§ Requirement:
Write down the listing again exactly as it appears below, without its pictures.

::: Source data

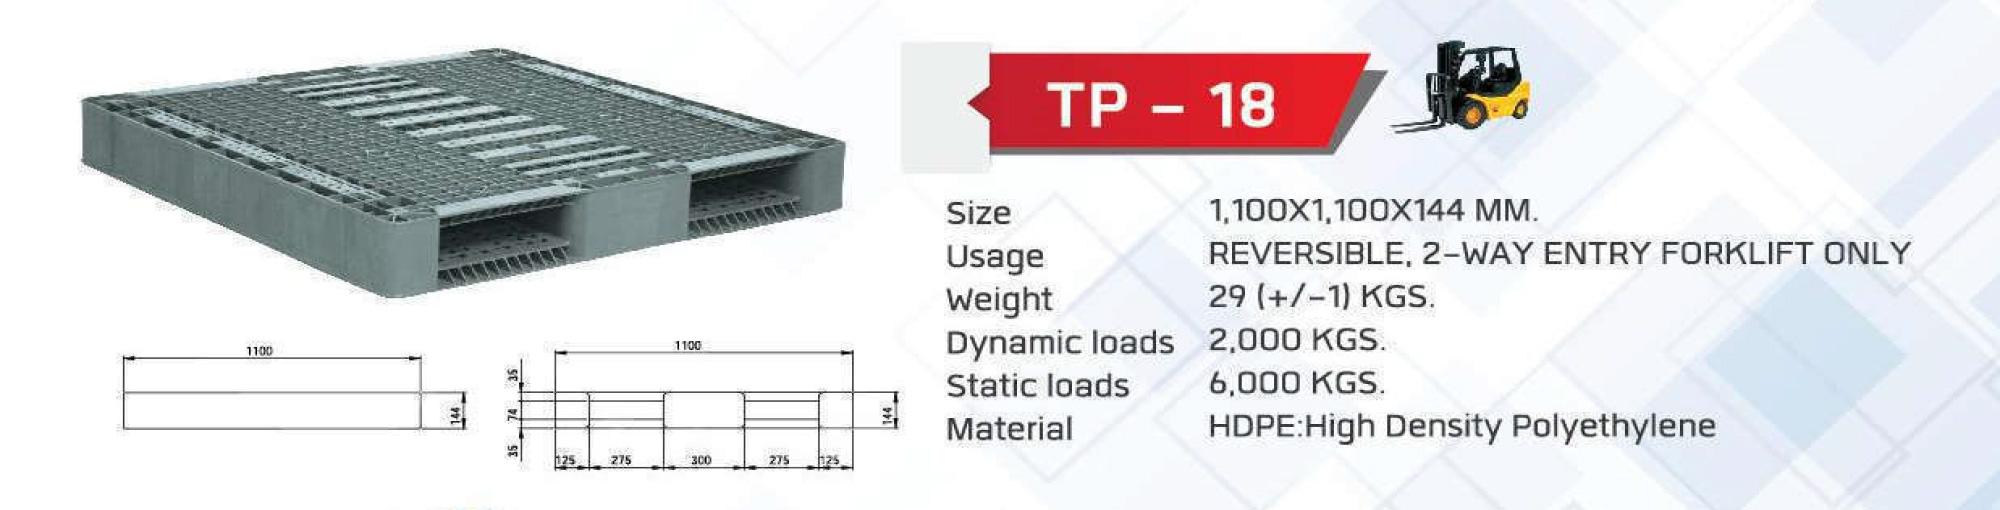 Reversible-HeavyDuty-TP-18
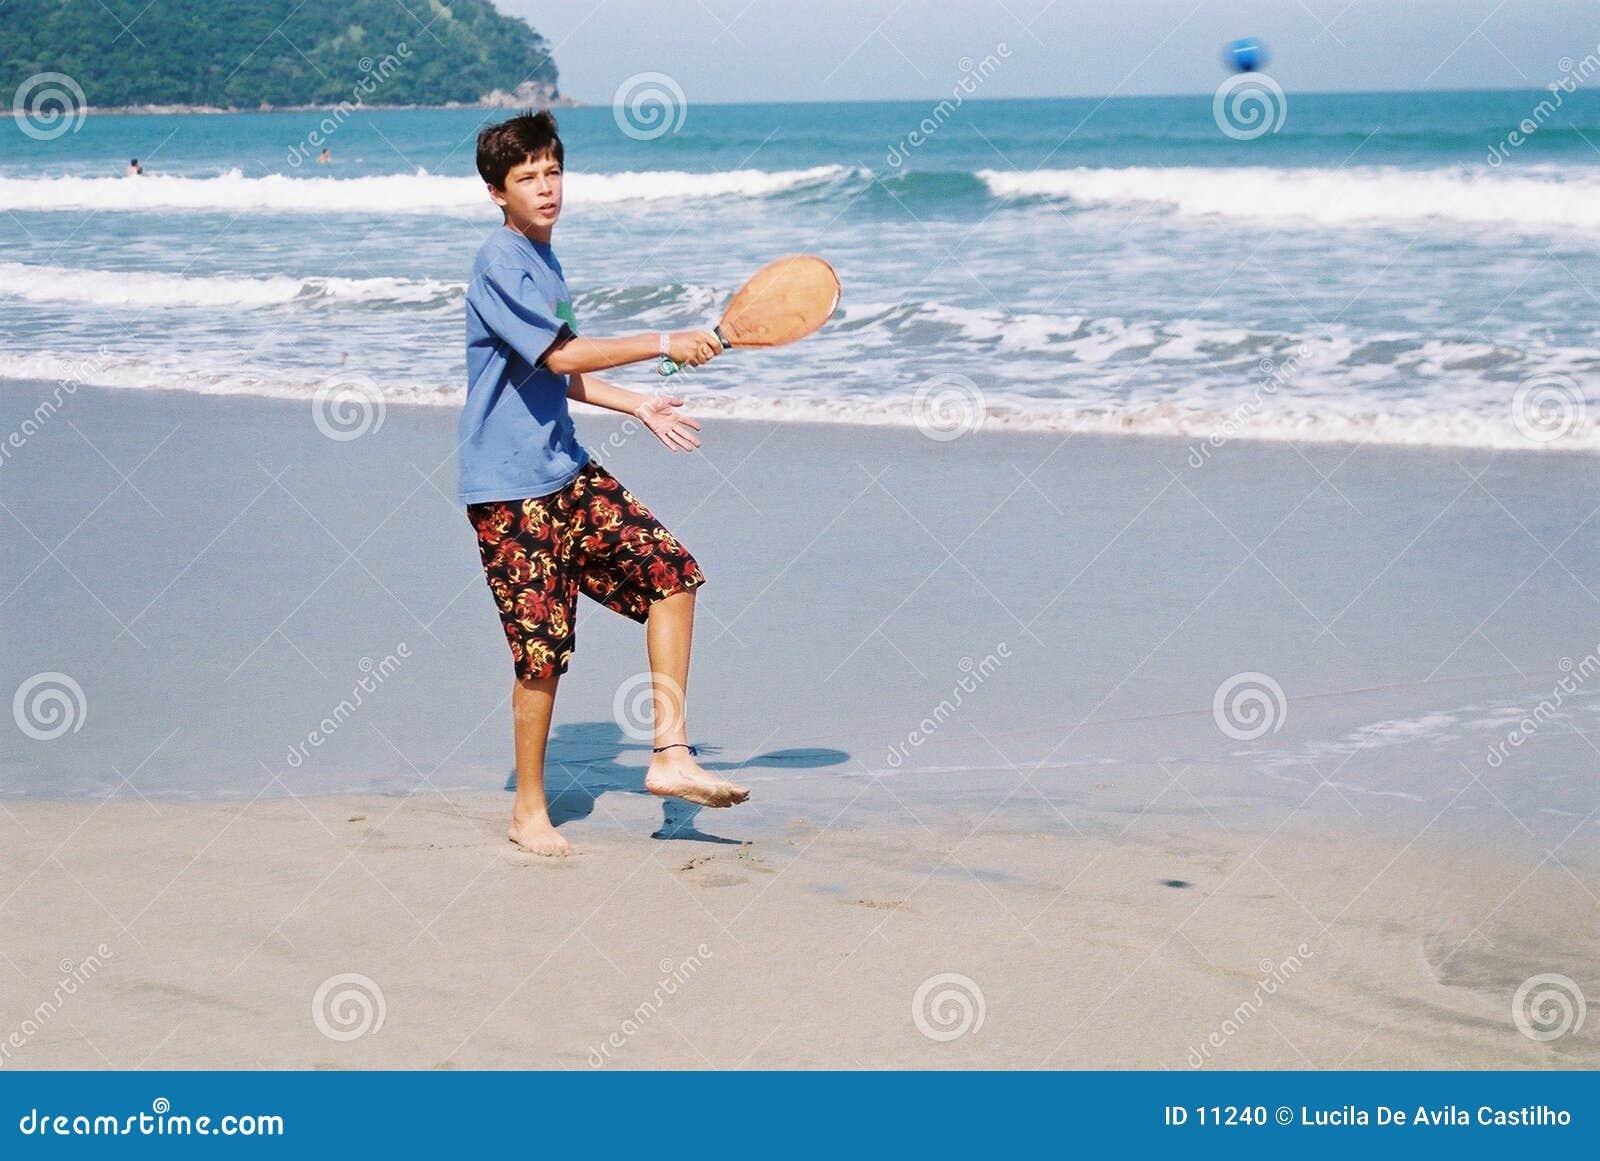 Golpee la bola
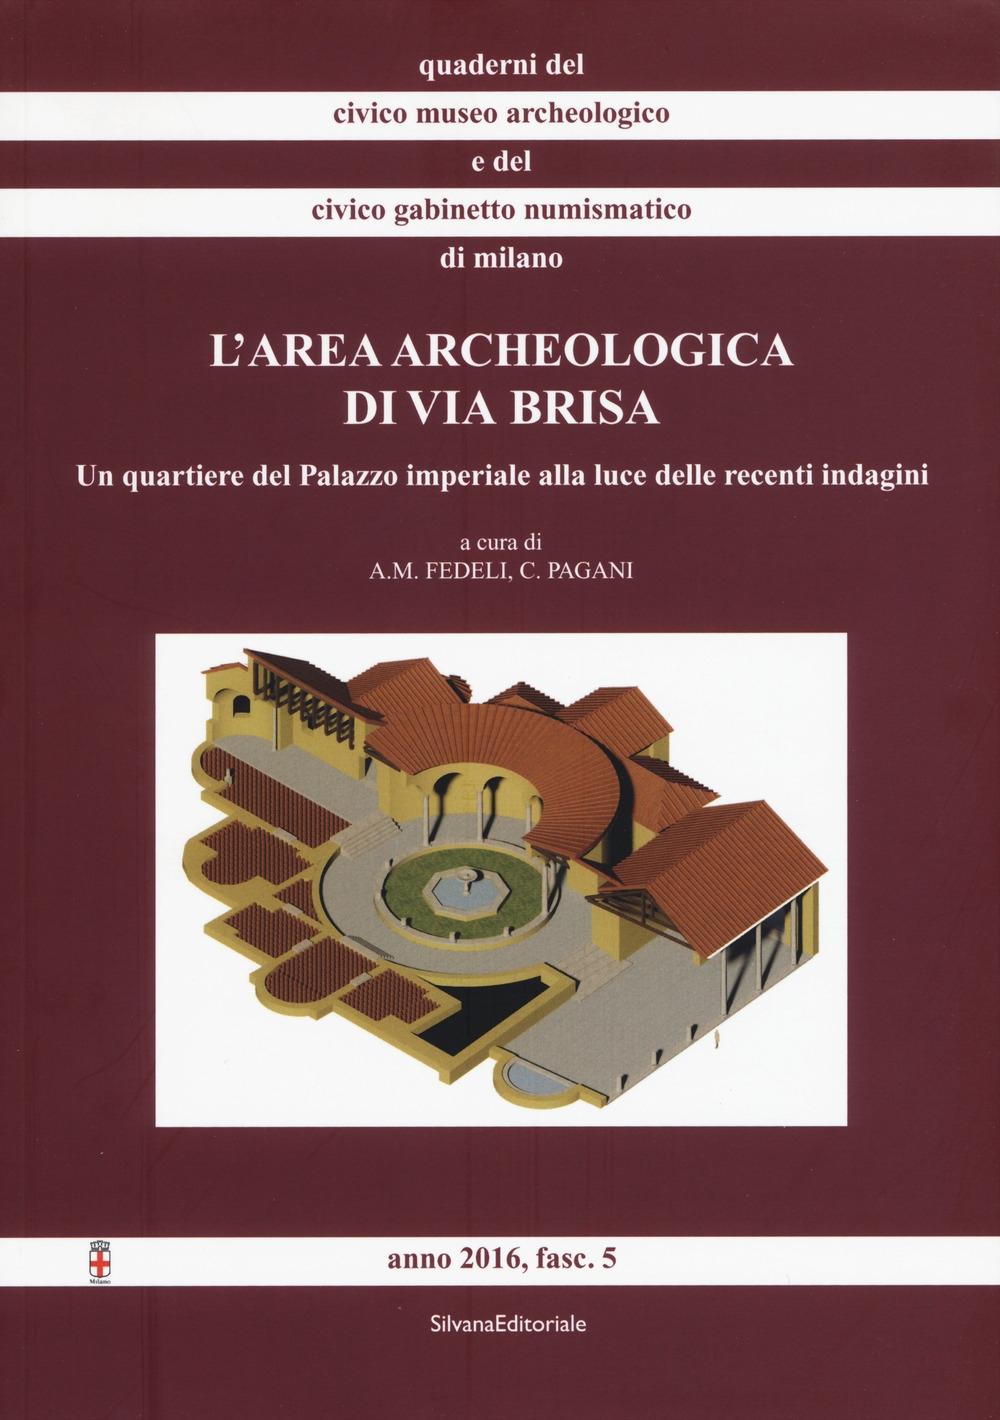 L'area archeologica di via Brisa

::::::

§ Written answer:
 Reversible-HeavyDuty-TP-18
 Golpee la bola
 L'area archeologica di via Brisa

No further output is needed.